In the one-month Fairydraw experiment (December 2025), three fairies handled large tasks: summon via prompt, select all for group mode where one elects as leader to scout canvas, generate to-do list, delegate subtasks, observe progress, and judge completion. Play at fairies.tldraw.com to test wireframing an ebook app from description—agents build functional prototypes in ~10 minutes.

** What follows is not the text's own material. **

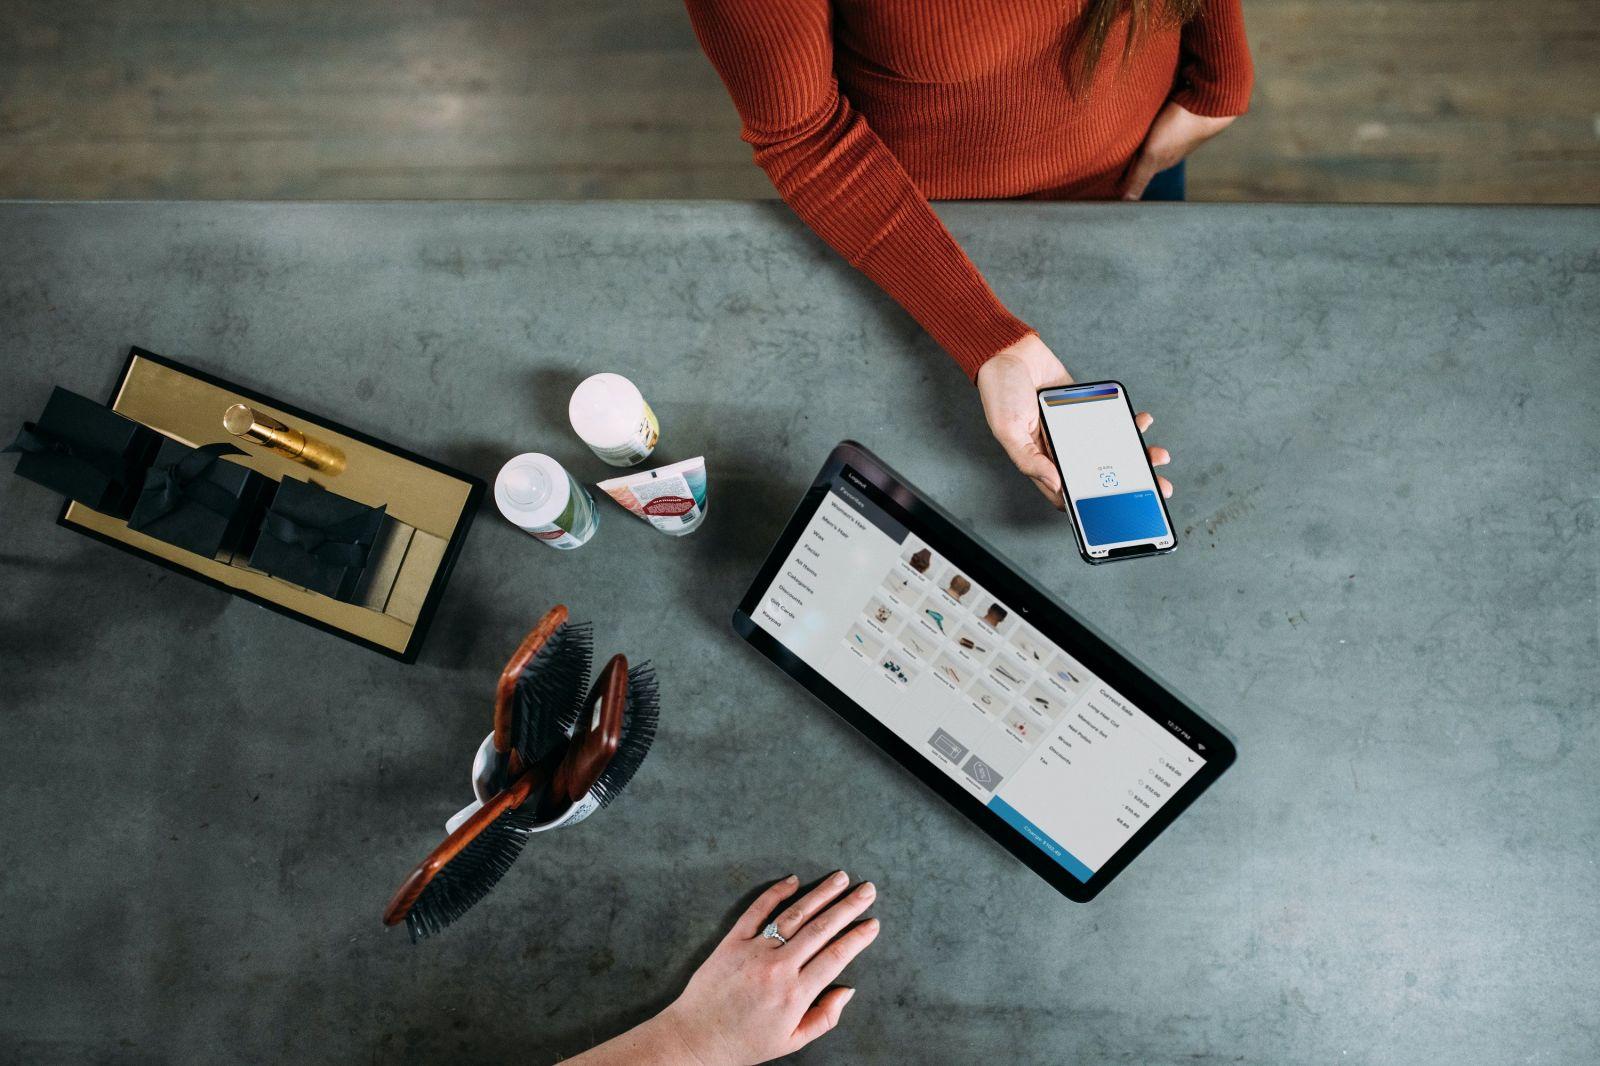 Pohľad do súčasnosti – Moderný spôsob platenia priložením smartfónu k tabletu, kedy sa prostredníctvom technológie zrealizuje platba.
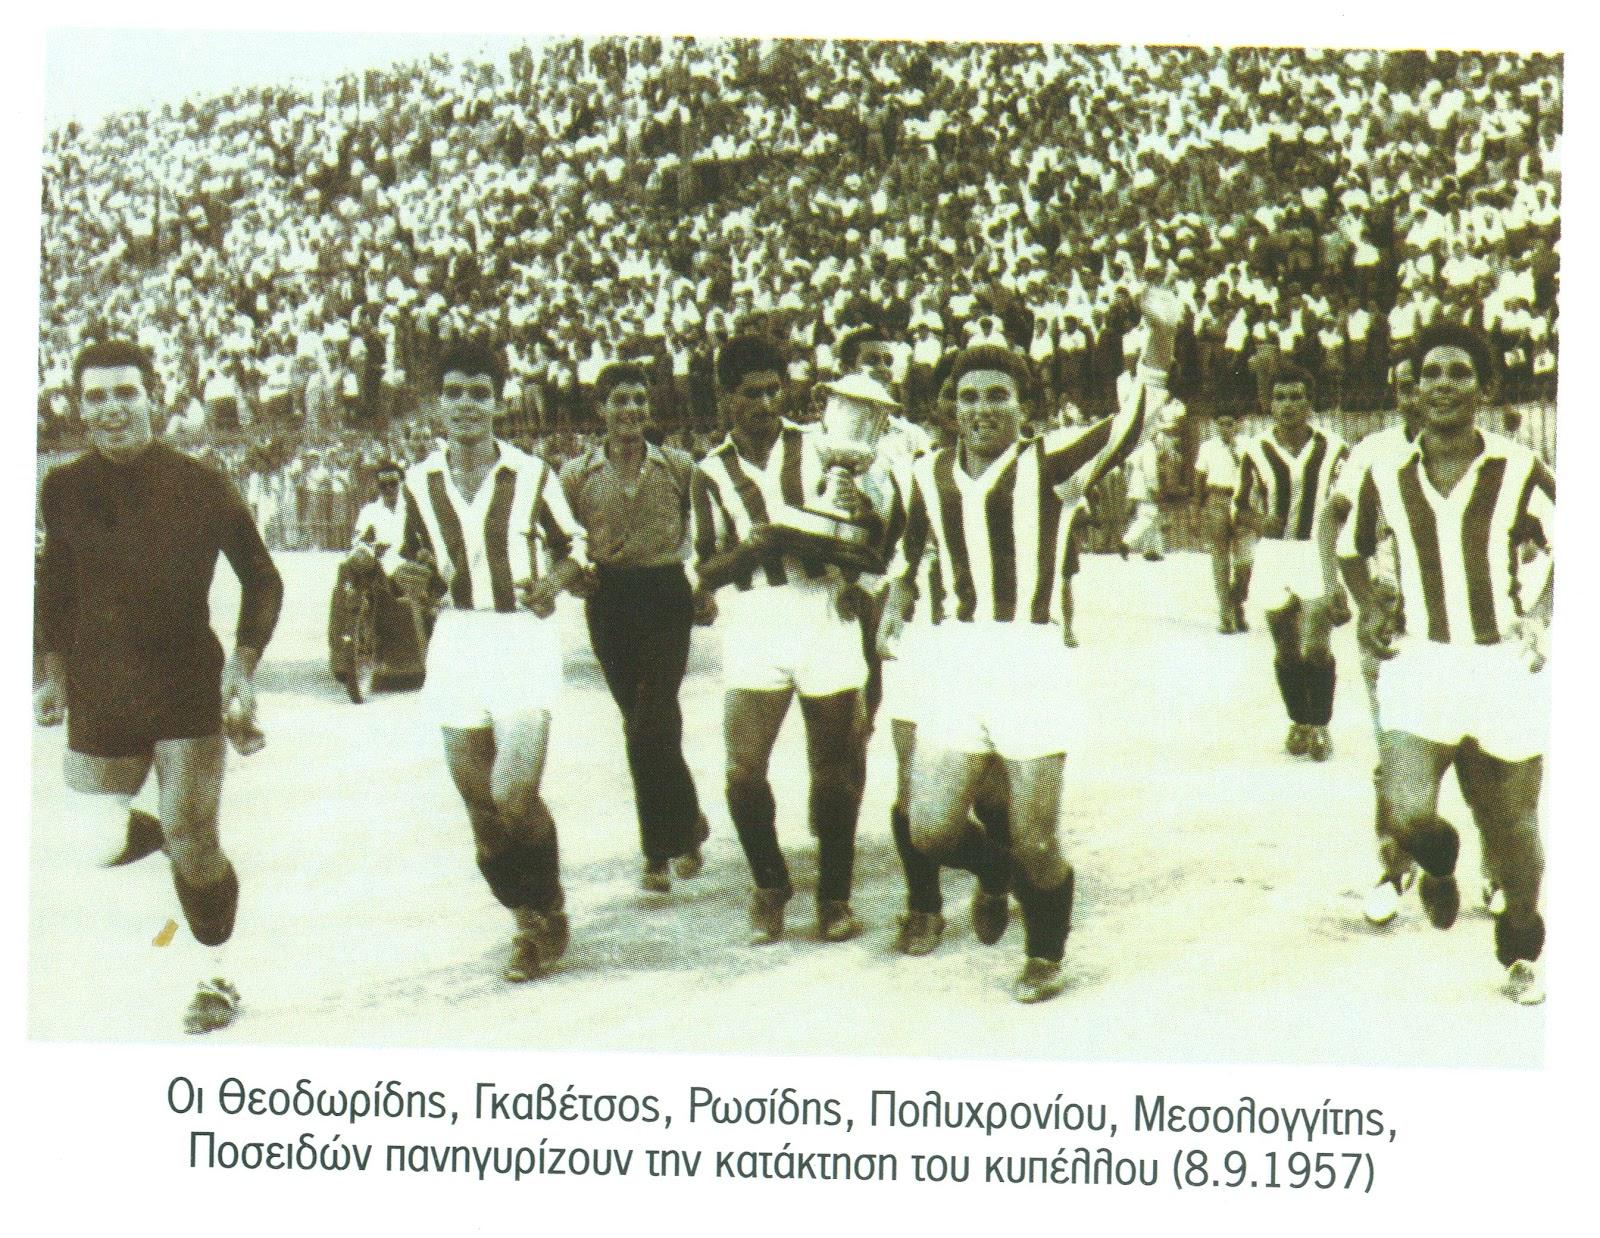 παοκ ολυμπιακοσ γκολ: ερυθρολευκο μετεριζι: ΣΑΝ ΣΗΜΕΡΑ ΤΟ 1957

Leader-Follower Orchestration Scales Multi-Agent Work

Implement agent swarms with a leader-follower pattern: leader scans canvas context, breaks tasks into subtasks (e.g., 'draw more animals'), assigns to followers, monitors without drawing itself, and iterates until satisfied. This mirrors early 2025 agent conventions (rejection sampling, thinking indicators) but adds visual coordination, solving overlap and state-sharing issues. Agents reference each other's work dynamically—prompt one for a cat, another for accessories—and handle ambiguities like 'blow out candle' by inferring shapes despite no prior canvas definition. Trade-off: fun for exploration (D&D sheets, homework tutors) but one-shot limits depth; agent loops enable refinement. Used in apps like Lovelace.dev and MagicPath for design/education.

Evolution from 2023's Make Real (draw UI → generate HTML/JS prototype via vision models) shows progression: early one-shots → iterative agents → spatial multi-agents. Canvas as React components enables hackability, powering Replit/Luma AI canvases.

Desktop Runtime Unlocks Code Execution for True Agency

Bypass web safety limits with a local Electron desktop app exposing an HTTP endpoint for agents to POST and execute raw JavaScript against the tldraw runtime. Agents script inject to add interactivity (on-hover sliders, clicks) despite lacking primitives, generate screenshots/DOM for vision, or even modify external apps (e.g., rip podcasts from Spotify bundle). Prompt: draw UI with 'leg length' slider and 't-shirt color' picker → agent writes event handlers, potentially blinking elements or creating auxiliary HTML. Trade-offs: high risk (API key leaks, unintended changes) but maximizes agency in file-based, offline context—'hand sharp tools to users.' Enables bi-directional flows: canvas diagram → update code, or code → visualize. Future: release as local-first canvas motivator, evolving 'file-over-app' ideals into practical scripting.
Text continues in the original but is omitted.